JRS’s livelihoods initiative is relatively new and has so far reached only 88 refugees in Johannesburg and Pretoria - “a drop in the ocean in terms of need,” according to David Holdcroft, Southern Africa director of JRS. He believes a change in mindset is needed among organizations working with refugees.
“NGOs have got to stop thinking like they’re welfare organizations… They’ve got to put refugees in touch with elements of South African society, like the commercial world, the business world. There’s no doubt in my mind that self-reliance is a mechanism whereby protection rights can be provided.”
The extent to which self-reliance is possible, however, depends to a large extent on a host government’s refugee policy.
In countries with an encampment policy, promoting self-reliance is clearly more difficult. Politics and security concerns often contribute to such policies, but they are reinforced by the perception that refugees represent a financial burden and are best put in camps where they will be largely under the care of the international donor community.
The Humanitarian Innovation Project (HIP
), a recently launched initiative of Oxford University’s Refugee Studies Centre, aims to change this perception.
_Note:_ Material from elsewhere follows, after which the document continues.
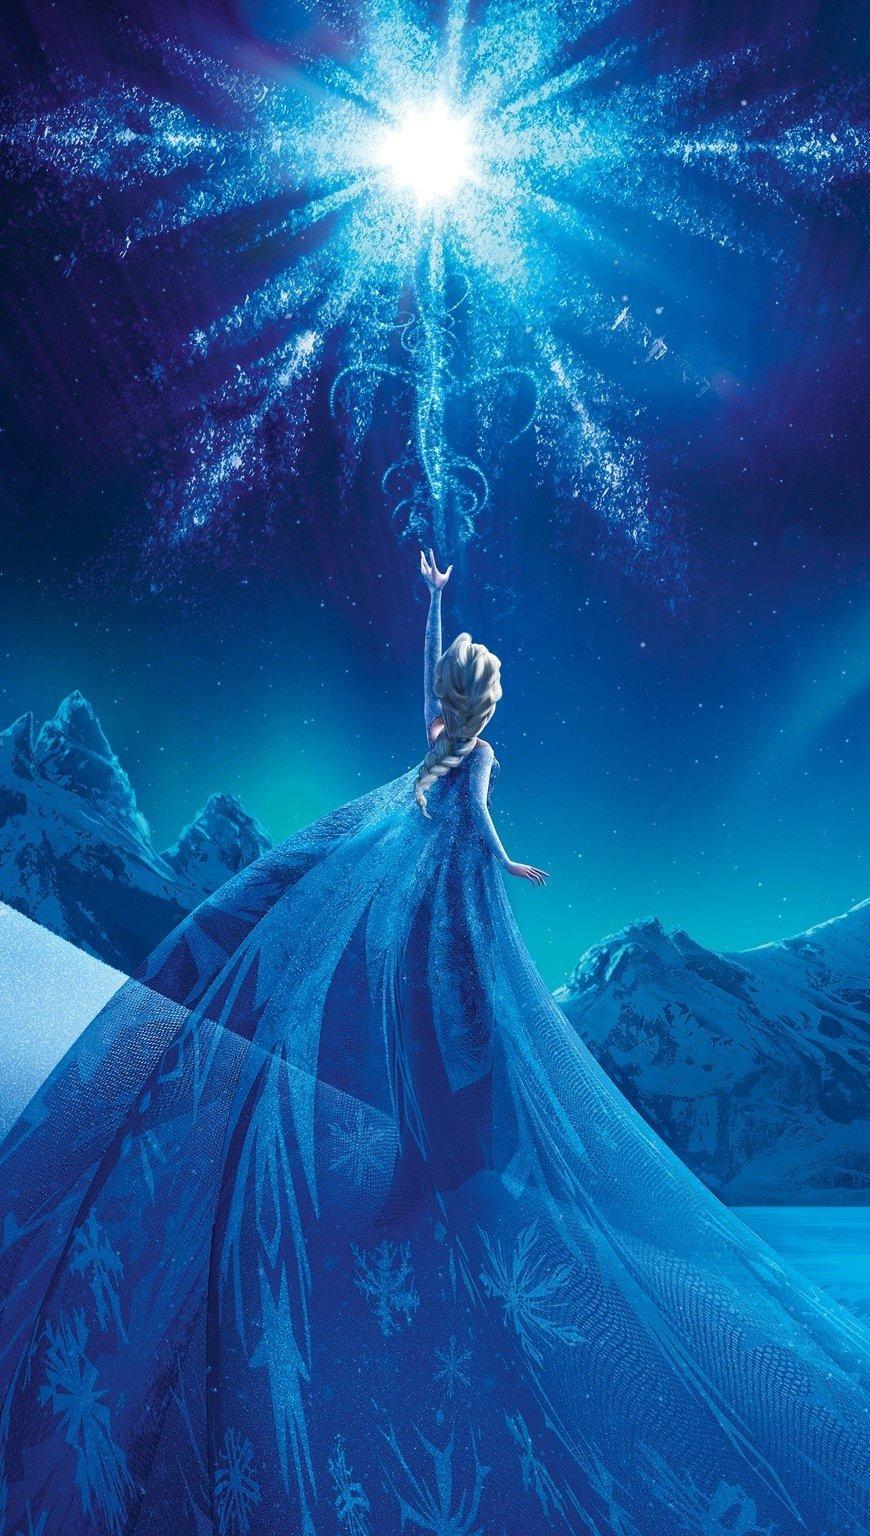 Wallpaper Elsa Queen of ice Vertical

In partnership with a new UNHCR unit called UNHCR Innovation, HIP is researching the role that innovation, technology and the private sector can play in refugee protection. HIP, together with UNHCR Innovation, will track innovations already happening within the sector, often at the field level, and disseminate best practices.
Anesu Sithole, from Zimbabwe, makes bedspreads and cushions and sells them from a stall in Johannesburg
A pilot study conducted by HIP in Uganda - a country that allows refugees to work and actively promotes self-reliance - found that the majority of refugees living in the capital, Kampala, survived with very little humanitarian assistance by building livelihoods based on local demands.
“Politics doesn’t disappear, and the regulatory environment of the host governments changes what can be done dramatically, but if you can gradually start to show that in countries like Uganda, refugees can represent an economic opportunity for the host state and population, you might have the hope of changing the regulatory environment,” said Alexander Betts, HIP’s director and a lecturer at Oxford University’s Department of International Development.
Even in countries where refugees continue to be restricted to camps, many find a way to generate an income by operating small businesses selling goods and services to each other. Technological advances are further expanding livelihood opportunities in camps by opening the way for online learning and “virtual” work. At the Dadaab refugee complex in Kenya, a two-year pilot project run by San Francisco-based non-profit Samasource outsourced small computer-based tasks - part of larger projects from Silicon Valley companies - to refugees who had received basic computer training.
Dadaab’s security challenges prevented the project from being extended, but Betts believes there is potential for far more private sector engagement in the refugee sector, not only in the form of philanthropy and social responsibility, but through innovative partnerships that are mutually beneficial. He gives the example of a company called Technology for Tomorrow, started by a Ugandan engineer, which employs both Ugandans and refugees to produce environmentally friendly sanitary pads that are sold to UNHCR for distribution in Uganda’s refugee settlements.
Refugees have their own ideas about how they would like to become self-reliant, but they often lack the skills or resources to get businesses up and running. One of the goals of HIP is to establish Refugee Innovation Centres - a physical space where refugees, alongside locals, could access vocational training, mentorship, microcredit and computer facilities.
“The vision is very much for a bottom-up approach where the kind of self-reliance activity would be determined by them,” said Betts. “It can’t just be things parachuted in from the outside.”